Including artists such as Silvia Rosi, Elina Brotherus, Bettina von Zwehl, Sarah Pickering, and Shirana Shahbazi, the exhibition is divided into three sections: Gender, Nation, and Photography. The loose categories allow for a closer look into the social constructions of gender and nationhood, as well as an exploration into the physicality of photography and how artists have interrupted and experimented with the craft, creating new avenues for “women’s work” within a medium still disproportionally male.
The exhibition provided the American curators with the chance to dive deep into the state of contemporary Europe. European concerns mirrored topics far closer to home: “We’re in dire need of reaching across all of our divisions,” Hermo says. “I think, in a small way, a show like this can push that forward, provide alternative and multiple perspectives. In major ways, these artists are doing that. [In Europe], they’re bringing forward their concerns. We can learn from that.”
“I feel like with a group show like this, a lot of times, cohesion is the goal,” she adds. “But I think in a way with this exhibition, that fluidity, the range, forces a second look. They’re united by a geographical position, but beyond that, conversations fire in multiple directions. “What binds these works? What separates them?”
LACMA and Brooklyn have both added new photographs to the collection, some of which by artists who migrated from Africa to Europe – now, the conversation becomes even more entangled.
The curators were alert to not apply an “American superstructure” onto the collection, letting it exist as their own, yet purview to American eyes. “We didn’t want to look and just see someone as – for example – the European Cindy Sherman,” Schillo explains. “We had to get out of our own heads somewhat while still being aware of our positions, American ways of seeing.”

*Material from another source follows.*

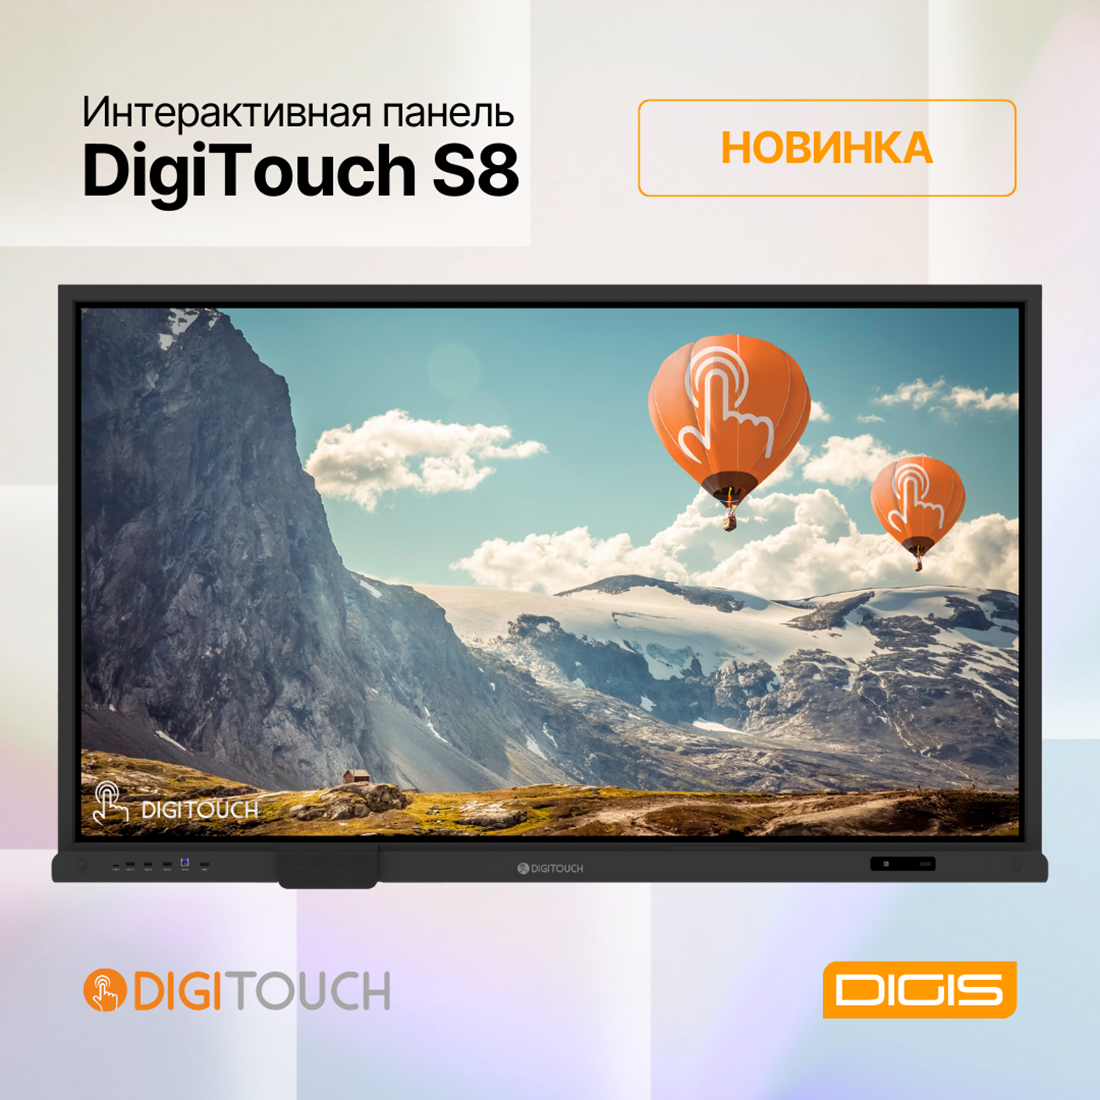 НОВИНКА! Интерактивная панель DigiTouch S8

The “American ways” might allow works to be understood in a way Europe is too close to see. Maybe we need an outsider to make sense of a collection this vast. In The Now is the centre’s first all-photographic group survey show. This doubles as a major sourcing and cementing of female photography into their growing collection. Continuous additions to the collection creates an organic, growing thing, an organism growing increasingly complex with each new addition. Housed within its new American home, European photography takes on a new perspective.
Written by Isaac Huxtable
In the Now: Gender and Nation in Europe, Selections from the Sir Mark Fehrs Haukohl Photography Collection is on display at the Brooklyn Museum, March 8–July 7.